Atlantic City Is a Hard Place to Love

Somewhere around Indiana and Pacific avenues, I had a sinking feeling. Atlantic City seemed to consist entirely of strip clubs and skin dens, convenience stores and empty store fronts. The beach was a few blocks away, true. But would a sparkling bit of ocean be enough to make the uneasy feeling in my stomach subside? This seaside resort, stacked with casino resorts dwarfed by their cousins in Las Vegas, did not look promising as I drove up to my hotel.

It was a dive of a place, recommended to me by a fellow travel writer, and someone I think of as an Atlantic City aficionado. He told me to try the Inn at the Irish Pub, a spot perched precariously above a dark watering hole, emphasis on the hole, that’s open 24 hours a day. The hotel is the sort of place that charges a deposit of $5 when you’re handed a brass key fastened to a plastic yellow diamond, stamped with a number.

I hiked up the stairs to my room, whose bathroom connected to the room next door, and flopped on the lumpy bed.
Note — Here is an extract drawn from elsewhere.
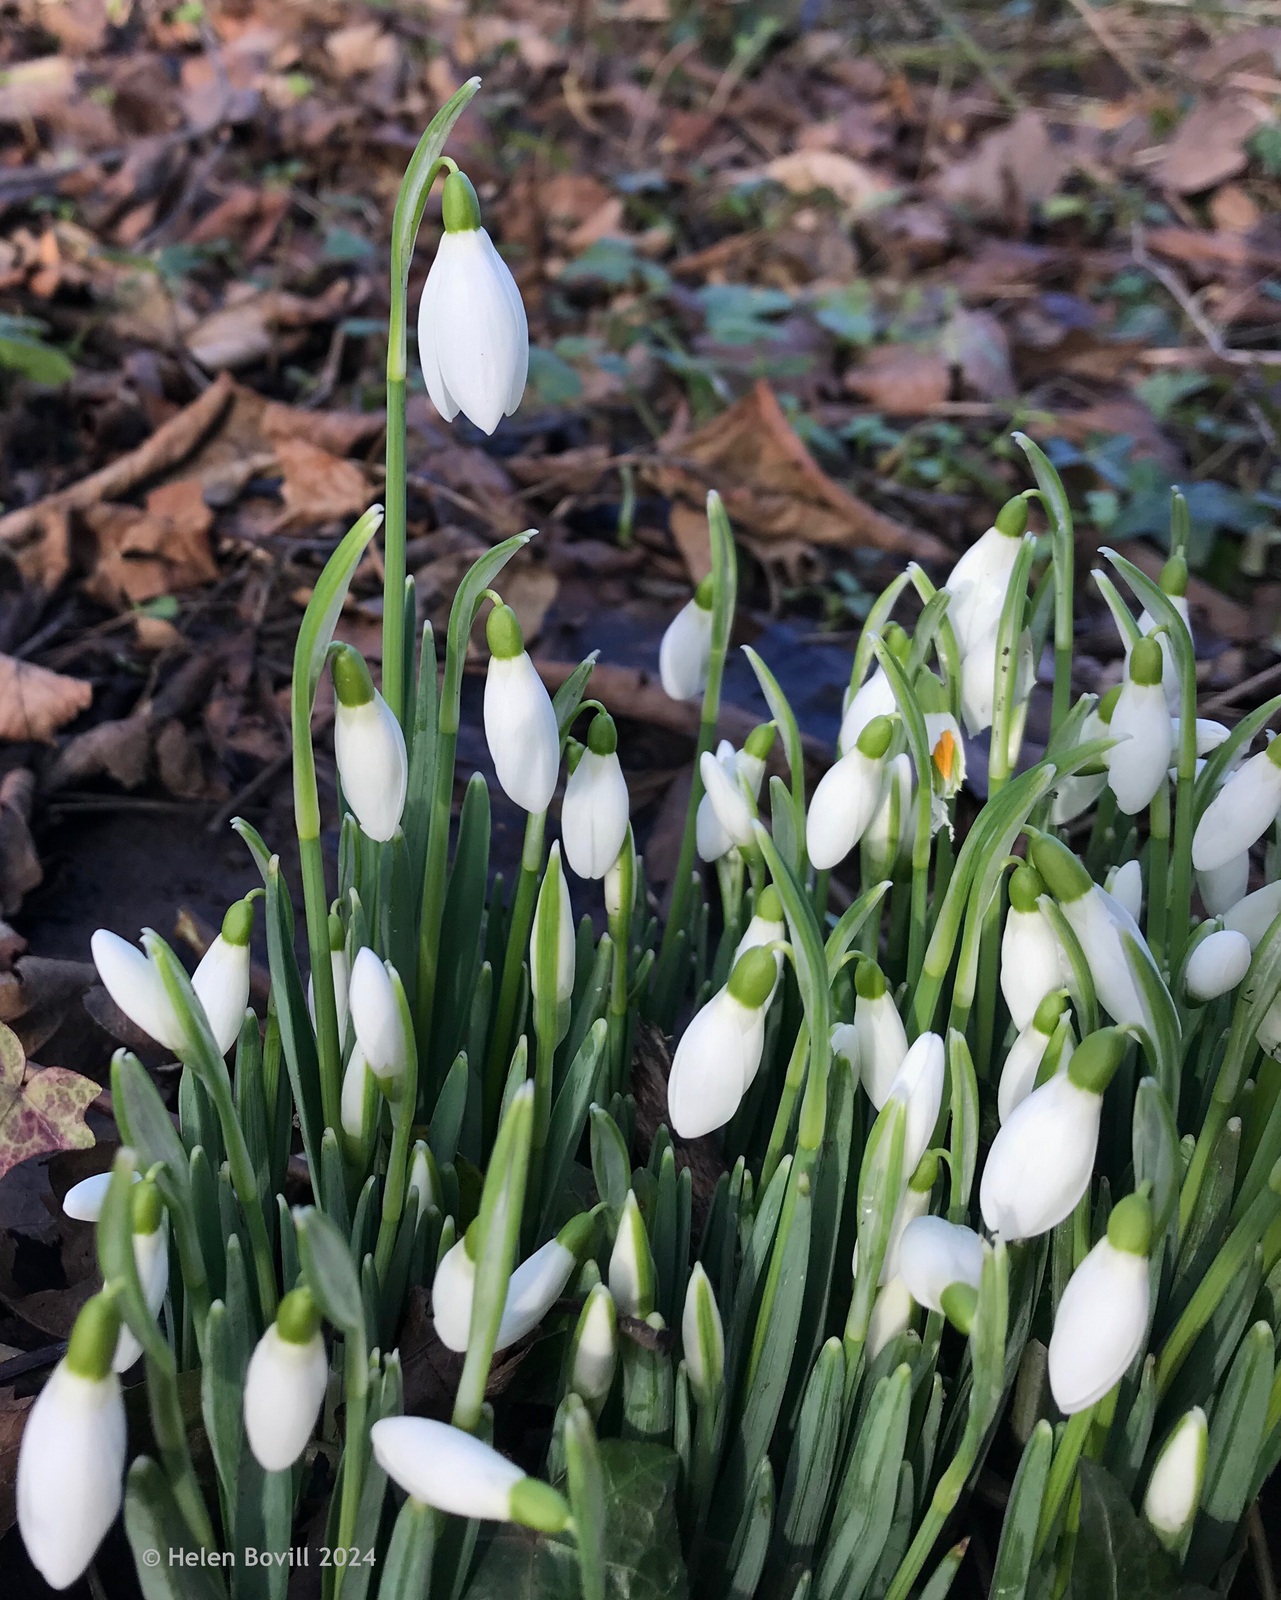 A group of snowdrops with single petals
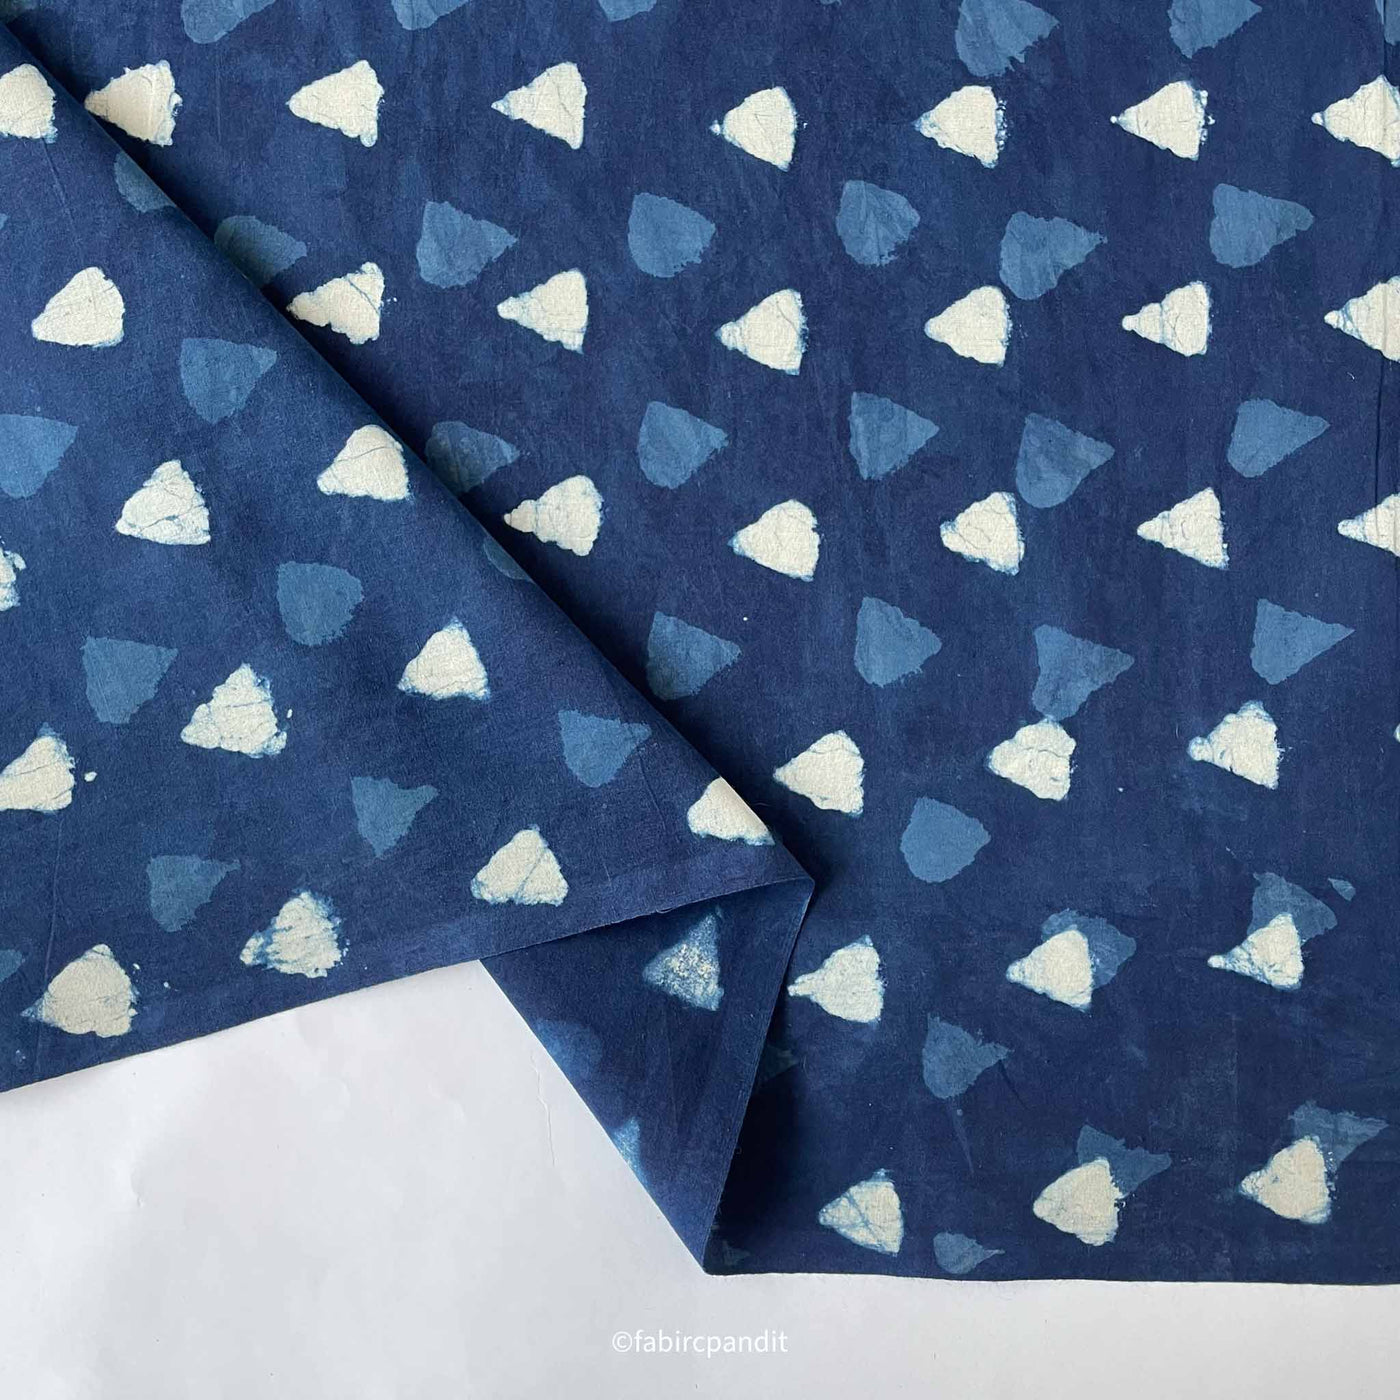 Fabric Pandit Cut Piece (CUT PIECE) Indigo Dabu Natural Dyed White and Blue Triangles Hand Block Printed Pure Cotton Fabric (Width 43 inches)

I needed to call my friend, Robert Reid, and ask him if he’d set me up for an elaborate travelers’ joke, sending me to the inn to see if I’d actually go.

Traveling the American Road – Trying to Love Atlantic City


I told him, “This place is a dump,” to which he replied, “Oh no, I love that place!” I still didn’t believe him. “I wonder if you got a bad room,” he said. “I mean, it’s old, I know. I had fun there… You don’t like the room?” I mentioned that while I’d stayed in worse, that’s not really saying much, coming from a guy that’s slept in a hammock in a garage in Nicaragua, among other less-than-luxe places. “To me, you know what, it’s one of my favorite hotels in America.”

He explained: “Most of my hotel stays are forgettable, cookie-cutter experiences. My room was totally fine. It was clean, this kind of mixed-matched random old furniture, slightly slanted floors, the window with the lace curtain blowing, the people are hilarious. It’s just like, ‘Why does this exist?!'”

Robert’s interest in the hotel was unique, though, being informed by his Monopoly quest. See, the street names in the real estate game were drawn from Atlantic City, and last year, he set out to learn the stories of the avenues that we all know from the board. His trip-and resulting video-gave me high hopes for AC, even if they would soon be dashed.

For those not on a Monopoly quest, like me, it’s a tough place to visit. There are vacant lots, disused by everyone except a lone golfer I saw, swinging an iron simply because he had the space. There’s the grime you’ll find at any casino resort, set a little deeper and in need of a month-long scrub. There’s unemployment, too, bad and deep and forecast to last for many more years.

The boardwalk is a dimly bright spot. Even on a weekday evening, it was busy with families and couples, the famous pushcarts carrying tourists north and south. (There’s a big billboard advertising Boardwalk Empire, the HBO show that’s at least putting the name Atlantic City in people’s homes again.) The casinos, with Wild West, Roman, Mughal themes, do have visitors, if only a few. As my friend told me, “It just isn’t quite Vegas. It’s not even quite Reno.”

Robert insists–and I believe him–that the people in AC are proud of their hometown. But for those not interested in where Monopoly comes from or cheap blackjack tables, it’s a tough place to love. At least you can still get unbelievably good sandwiches at White House Sub Shop on Arctic and Mississippi. I took mine to go.